Страница 3 из 151
Парня Ивашку тотчас отправили из города на село к его матери, а 16-тилетней Уле, уже девице, а не девочке, житье стало трудно. Супруга Капитана Иваныча, Авдотья Ивановна, была полурусская, полунемка, известная в Рязани повивальная бабка. И прежде не отличалась она кротостью нрава, но, сделавшись вдруг барыней, вскоре начала так чудить, что не только Уле, но и самому Капитону Иванычу приходилось несладко.
Не прошло года после женитьбы, как Воробушкины, по настоянию Авдотьи Ивановны, уехали из Рязани в Москву.

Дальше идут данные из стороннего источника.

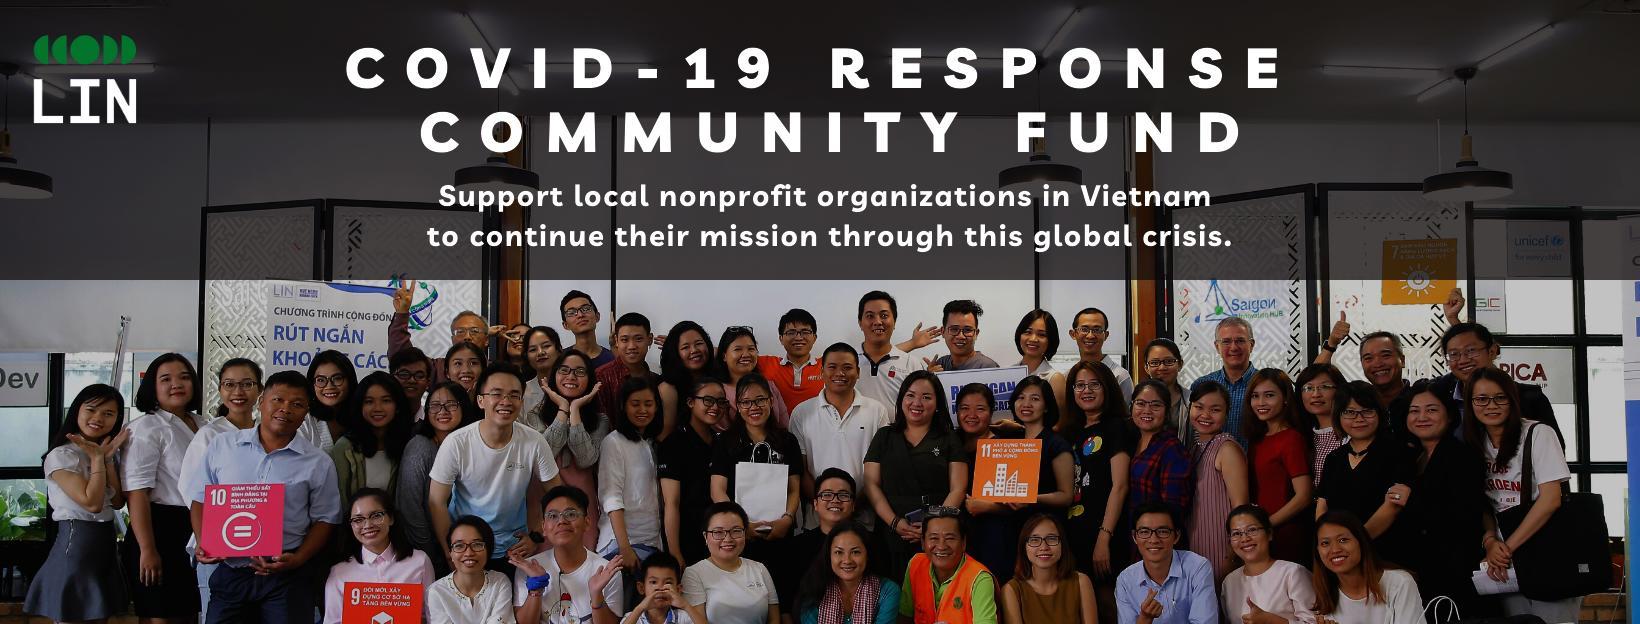 LIN's Covid-19 Response Community Fund

Авдотья Ивановна говорила, что настоящие дворяне должны жить в столице, что она желает обзавестись знакомством и жить по-барски.
Воробушкины переехали в Москву, а Уля была отправлена, несмотря на все просьбы Капитона Ивановича, к своей кормилице.
«Мужицкие дворяне» были снова вместе, но при совершенно иных условиях. После жизни в усадьбе с добрым Борисом Ивановичем, а потом с Капитоном Ивановичем им было теперь мудрено жить в маленькой, ветхой избенке кормилицы и помогать ей в работах.
Женщина добрая и умная считала, конечно, Улю барышней и не позволяла ей ничего делать, тем более что получала за это частые подарки от барина из Москвы. Зато Ивашке приходилось нести на себе много тягостей простого мужика, о которых он знал лишь понаслышке, когда жил в усадьбе. Уля могла помогать любимому брату только тайком от кормилицы. Через четыре года, после отъезда Воробушкиных, имение и крестьяне были очень дешево проданы, а племянница помещика, Уля, была вдруг вытребована к ним в Москву. Девушка не знала, радоваться ли этому. Ей чудилось, что не на радость поедет она. Досыта наплакавшись, молочные брат и сестра расстались.
Ивашка, оставшись один с матерью, сильно переменился. И прежде был он негоден на многое, что приходилось делать, а теперь окончательно прослыл за шального и порченого. Вдобавок женщина стала все более баловать сына-полубарчонка и делала уже сама все, что следовало бы делать ему. Она и сеяла, и пахала, и работала и за себя, и за него. Не недолго длилась эта жизнь праздного шатуна Ивашки. Однажды, отправившись в крещенский мороз в соседний лесок тайком срубить ель на дрова, т. е. на порубку, женщина была поймана, высечена и сдана в городской острог. От всего происшедшего, – быть может, от перепуга, быть может, и от наказания розгами, – она заболела, сидя в остроге, и, прежде чем суд успел решить, что с бабой делать, она была уже на том свете.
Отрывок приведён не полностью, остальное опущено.